Tuesday, September 30, 1969
At 9:30 AM, I got up groggily and headed off to Lab. We did some experiments on parallax, the seasons, etc., and then I came home for lunch.
In Science we had a few dull films, in French we learned a new conversation, and in Health Ed we discussed the self and suicide. I don’t think I will ever go through with killing myself – if I ever try. I’d probably always leave myself an out.
After a quick dinner at Wolfie’s, I was off to Dr. Lipton. Debra was back and has had her baby – a little girl, Lisa – and has left her mother’s house and is living with her grandmother. It was good to see her again.

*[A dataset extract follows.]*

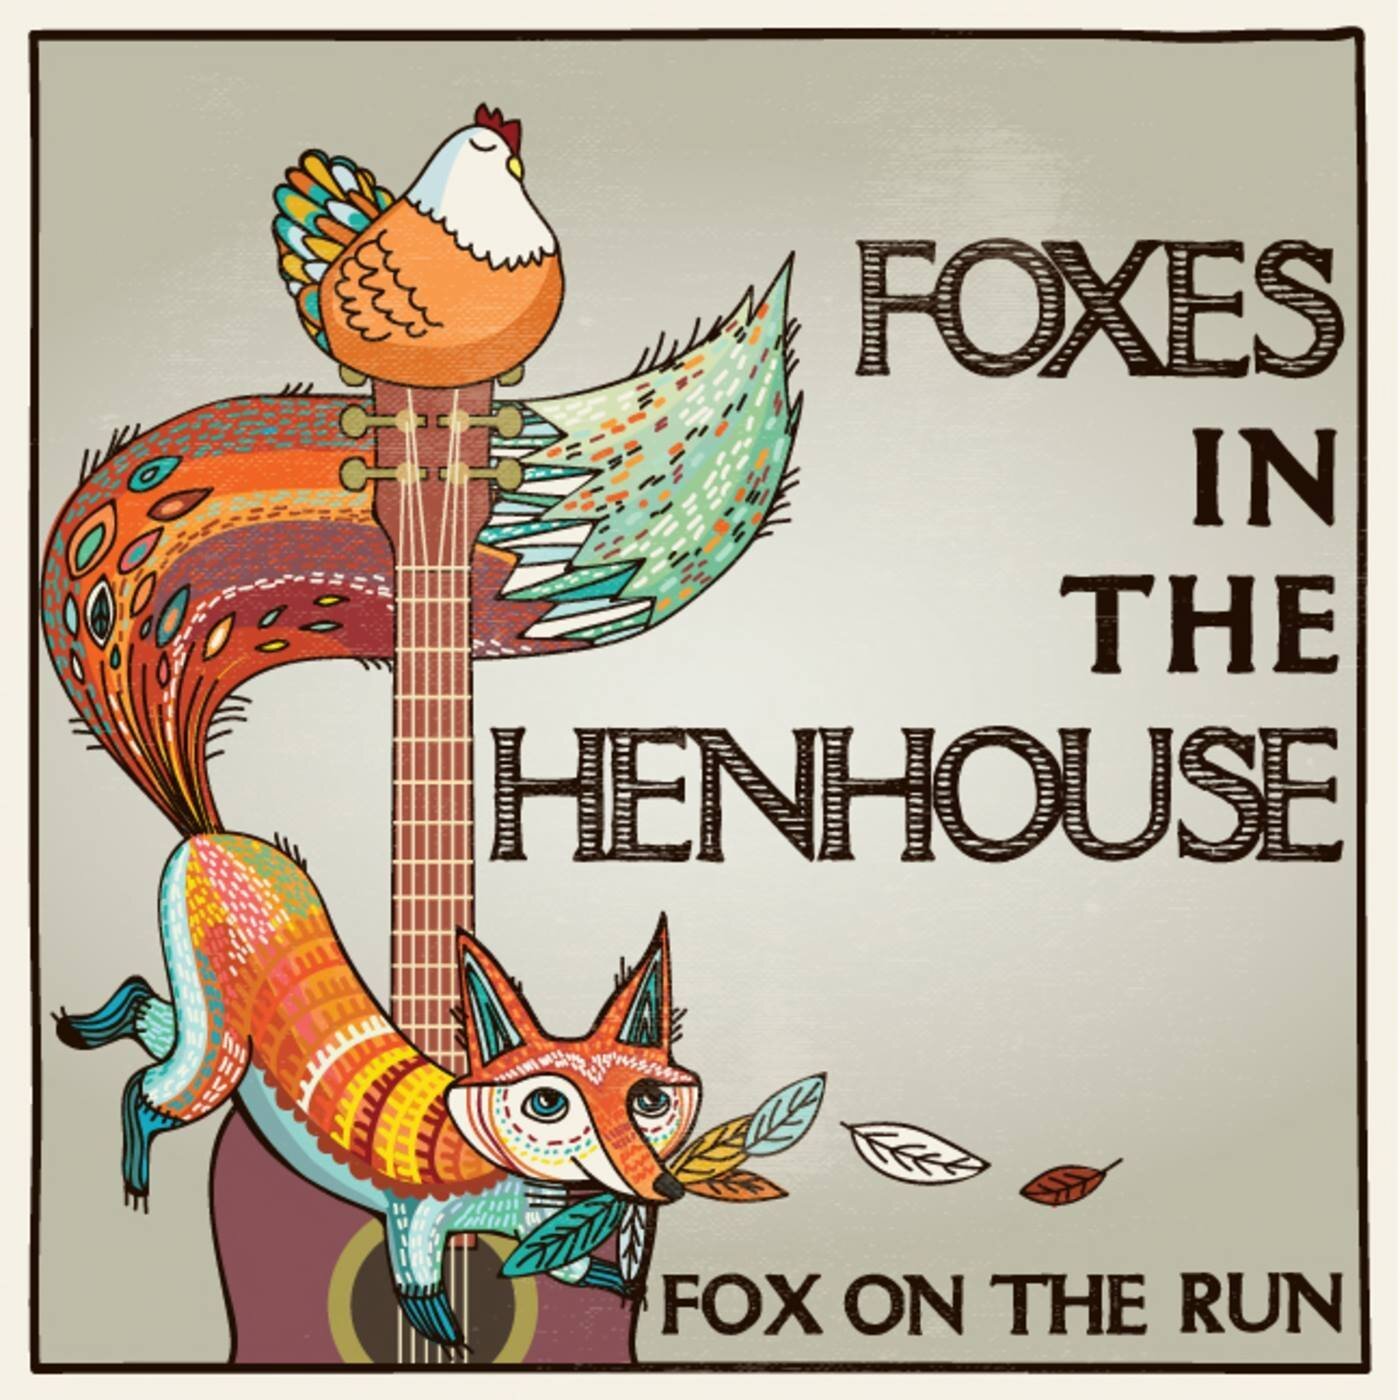 6/19/20 - Foxes in the Henhouse

We were on the same theme as last week: how we “set up” people and events and then complain about them. Lila brought up her problems with her job; Dave, his hangups on sex; John keeps quiet; Evelyn laughs and cries.
What do I do? I keep on searching.
The days are getting cooler, the nights are getting longer, leaves are falling – I like the crunch when I step on them. Tomorrow is October, and September, on the whole was a good month: the whole new world of college, the new group, new friends.
I have conflicts, but basically I’m at peace.